Nanotech and supercomputing
team for advanced transistors
Posted January 30, 2012

A view inside a nanowire. Click image to enlarge and for more information.
Intel released a novel transistor last year, the Tri-Gate, which replaced a two-dimensional flat planar gate with a 3-D silicon fin. This “reinvention of the transistor,” Intel announced, would increase performance up to 37 percent at low voltage. At 22 nanometers, it was 10 nm smaller than the current state-of-the-art transistor.
Such advancements keep Intel on the pace of improvement Moore’s law predicted and promises a host of applications, from computational devices to arrays of environmental and medical sensors.
This latest advance was made possible, in part, by the Network for Computational Nanotechnology (NCN).
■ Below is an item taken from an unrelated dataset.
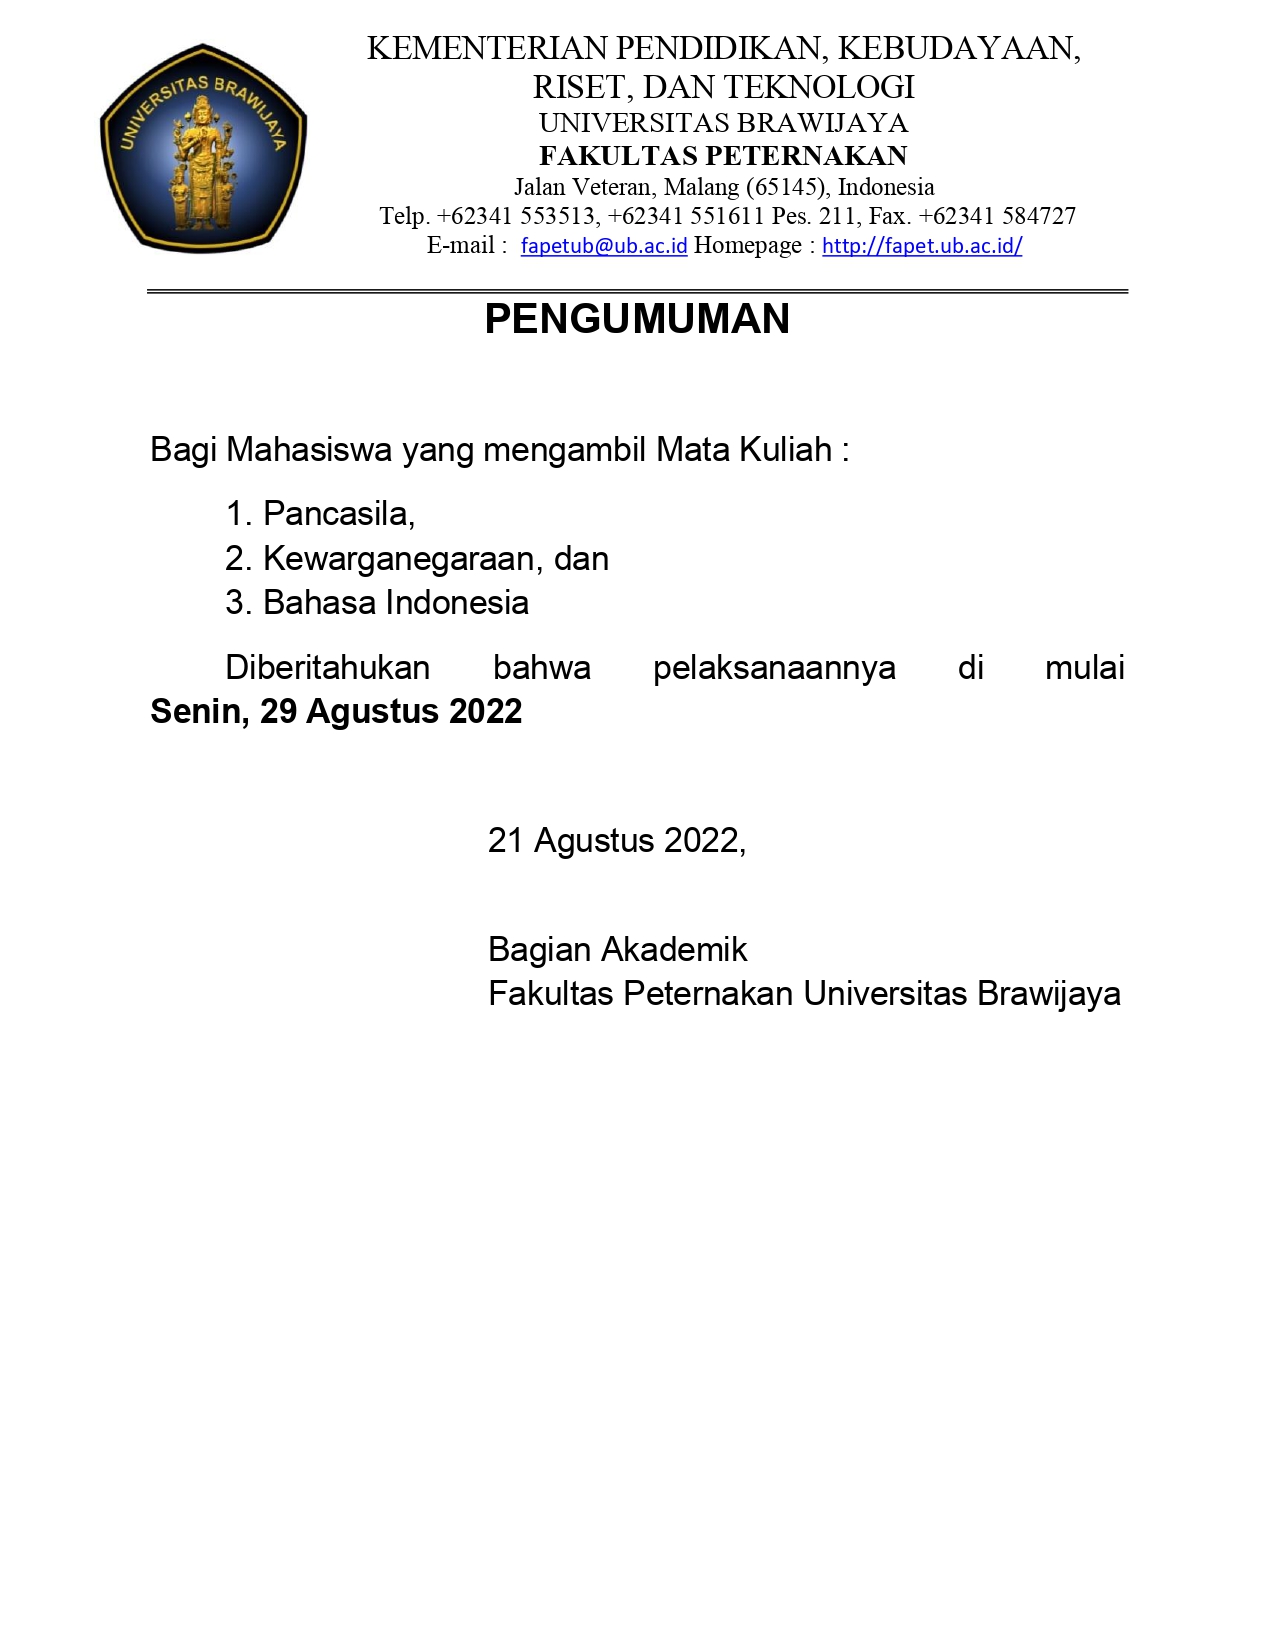 Pelaksanaan Perkuliahan MK Pancasila, Kewarganegaraan, dan Bahasa Indonesia

Started almost 10 years ago at Purdue University under the direction of Mark Lundstrom and Gerhard Klimeck, NCN is home to nanoHUB (www.nanohub.org). (See sidebar, “Government-industry-university collaboration: a recipe for success.”)
The Klimeck group has been building a suite of nanoelectronic modeling tools called NEMO/OMEN. They’ve used the tools to model various devices, including finFETs, the fin-featuring transistors. (FET: field effect transistor.) The OMEN code has demonstrated almost perfect parallel scaling while exceeding performance of a petaflops, or quadrillion computations a second, on a high-performance computer.
Klimeck models quantum mechanical electron flow in nanoscale devices’ transistors and semiconductors. The models have grown from portraying a few hundred atoms when he started his research at Texas Instruments in 1994 to 100 million atoms today.
The Department of Energy’s INCITE (Innovative and Novel Computational Impact on Theory and Experiment) program has granted Klimeck 15 million processor hours on Jaguar, the Cray XT5 at Oak Ridge National Laboratory. Jaguar is one of only a few computers that operate at the petascale. OMEN, for example, has scaled to a whopping 221,400 of Jaguar’s 224,000 processor cores with a sustained performance above 1 petaflops.